Um dos muitos argumentos outrora utilizado para justificar a privatização de empresas públicas era o combate à corrupção. Argumento sintetizado na máxima “a oportunidade faz o ladrão”, supunha, de um lado, que não existiriam pessoas honestas, de outro, que em empresas privadas não ocorreriam atos de corrupção.

Por Edson Furlan*, no Jornal GGN

Petrobras

Para frustração de alguns, um breve estudo do comportamento humano, da história da civilização ou de teorias de personalidade relevam: existem pessoas honestas. Surpresa para outros: elas trabalham também em empresas públicas.

Como é errado pensar que diante de uma mesma situação todos procederiam da mesma forma, o mais adequado seria considerar não que “a oportunidade faz o ladrão”, mas sim que “o ladrão espera a oportunidade”, venha ela numa empresa pública ou numa empresa privada.

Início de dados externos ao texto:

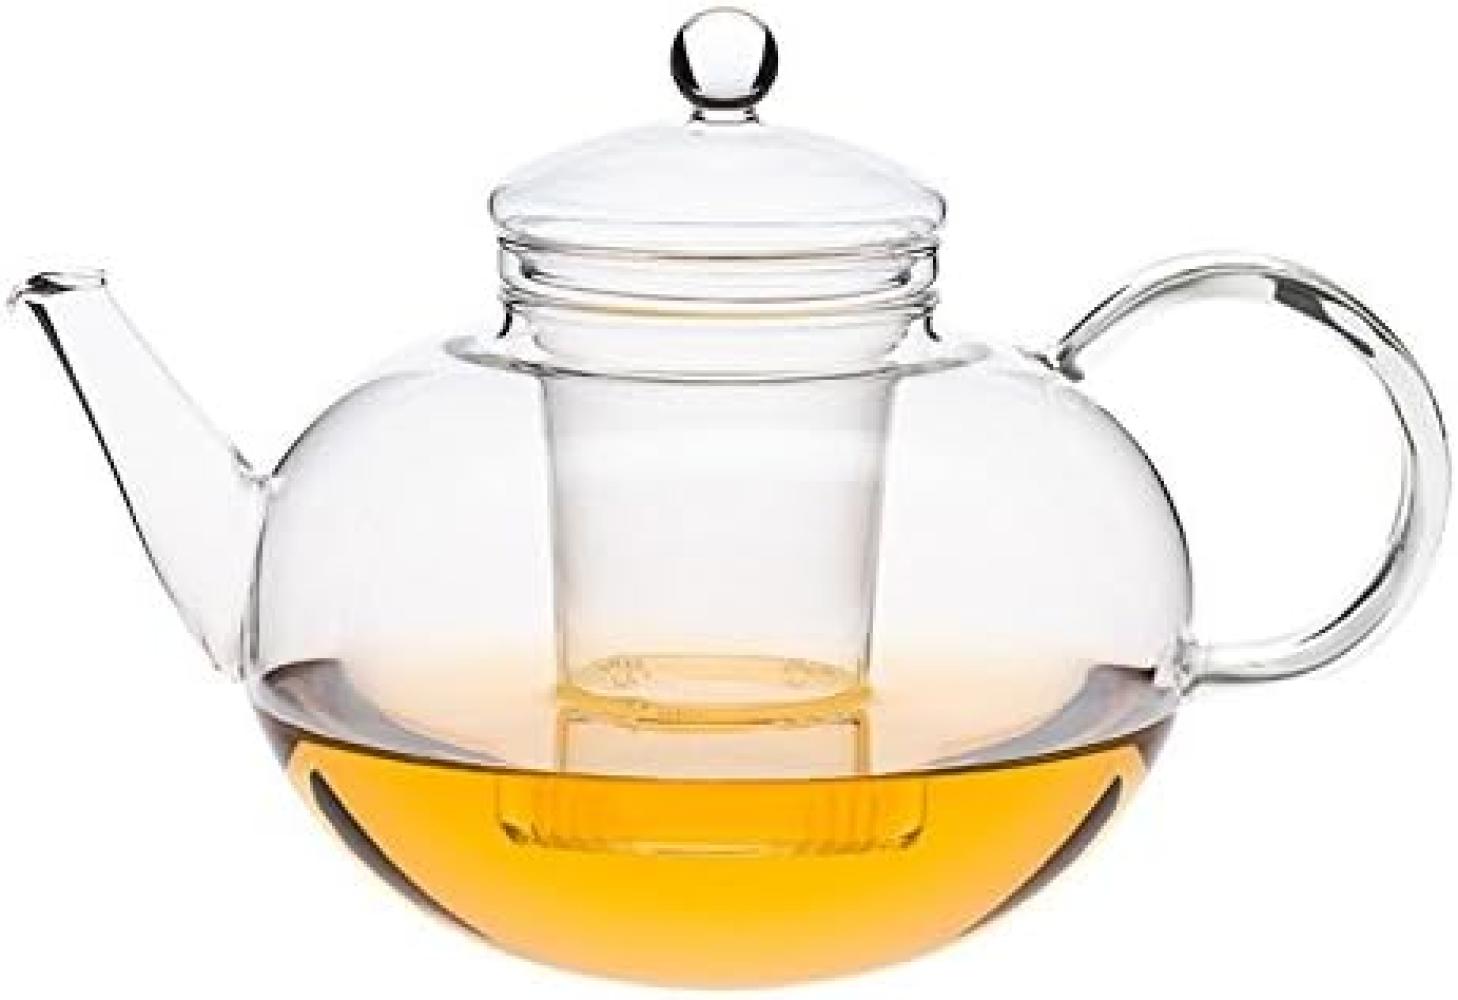 Jenaer Glas Teekanne MIKO – der Klassiker unter den Teekannen Teekanne Miko aus Glas, 2 l Bild 1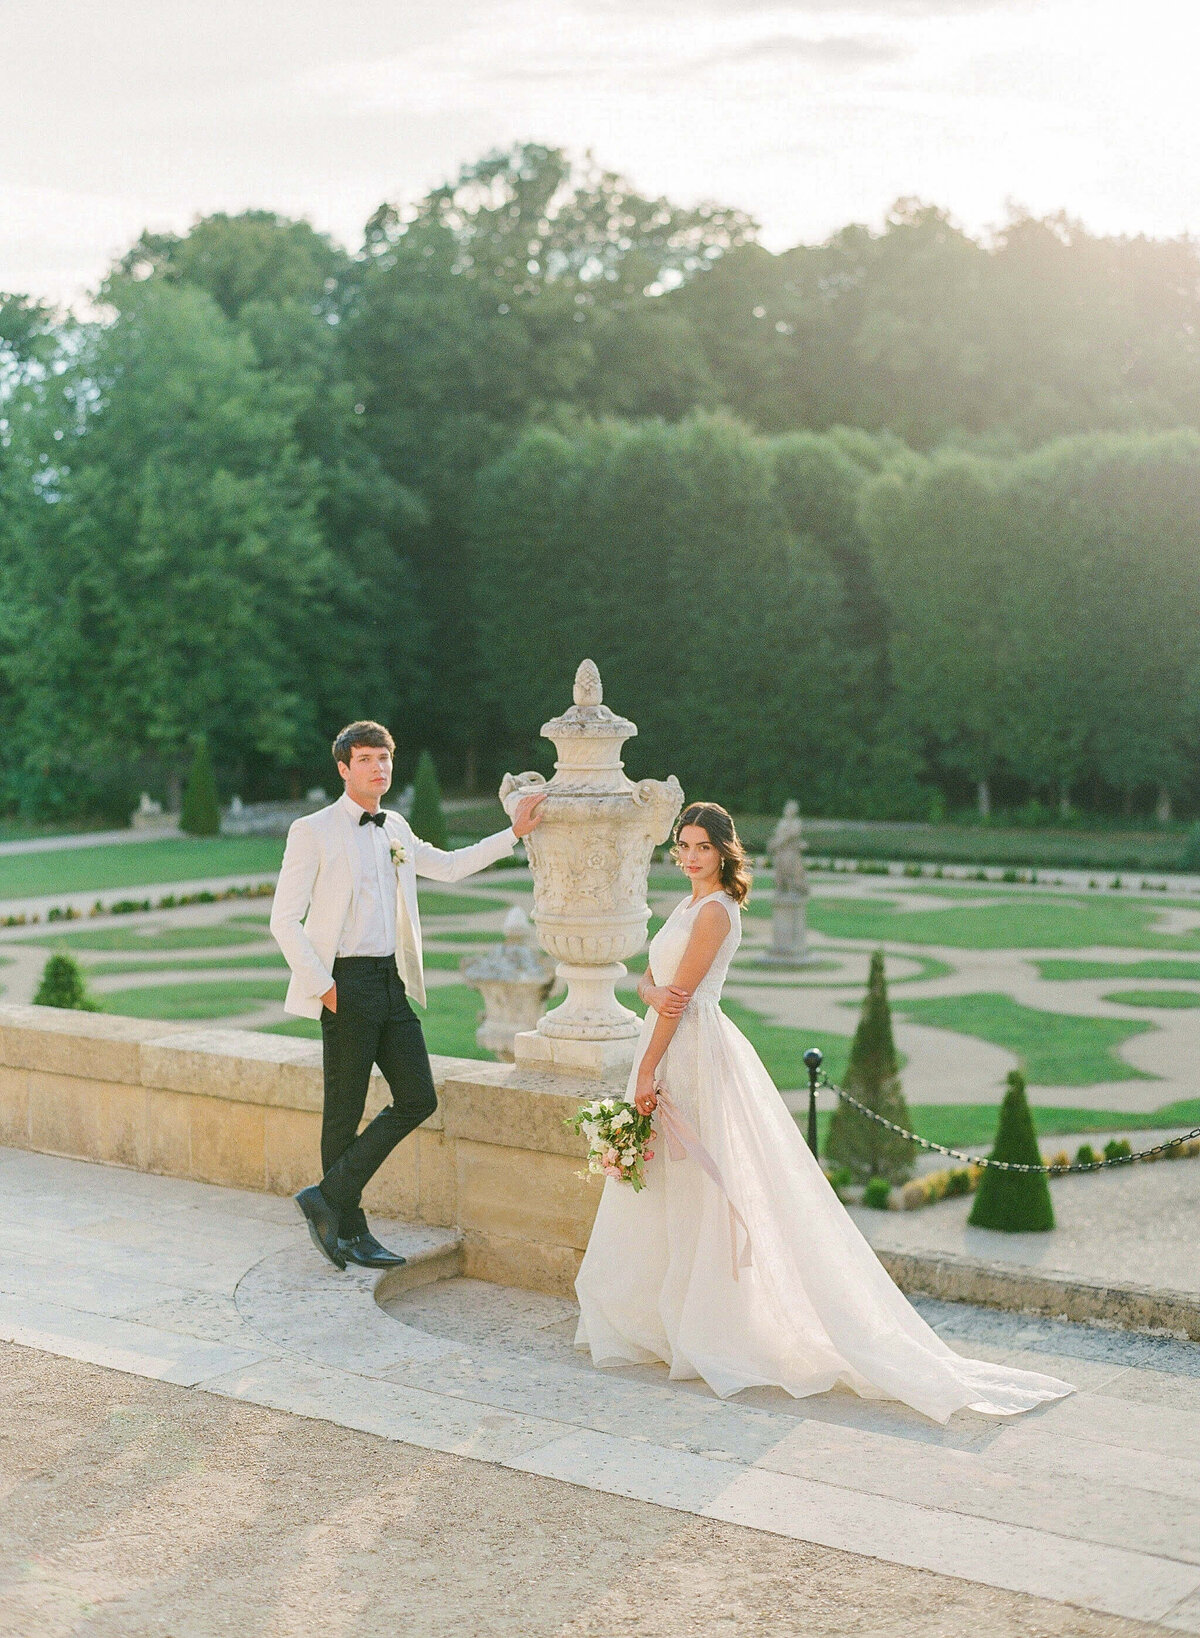 Chateau-de-Villette-wedding-florist-Floraison54

As cíclicas crises econômicas pelas quais passam as sociedades capitalistas (a vivida desde 2008 é só mais um exemplo) são oriundas das ações de funcionários e donos de empresas privadas que – movidos por imprudência, ganância, inadequações, conflitos de interesse no interior de corporações, conluio de empresas ou corrupção -, agem em sentido contrário ao bem comum. Por essa razão há leis antitrustes, combate a monopólios, oligopólios, criam-se órgão governamentais reguladores e se faz a tipificação de crimes como:

• Lei Federal n° 7.492, 16.6.86 – Crimes Contra o Sistema Financeiro Nacional;

• Lei Federal nº 8.137, 27.12.90 – Crimes contra a ordem tributária, econômica e contra as relações de consumo;

• Lei Federal nº 9.613, 3.3.98 – Crime de Lavagem ou Ocultação de Bens Direitos e Valores;

• Lei Federal nº 10.028, 19.10.00 – Crimes Contras as Finanças Públicas;

• Lei Federal nº 12.846, 1.8.13 – Responsabilização administrativa e civil de Pessoa Jurídica pela prática de atos contra a administração.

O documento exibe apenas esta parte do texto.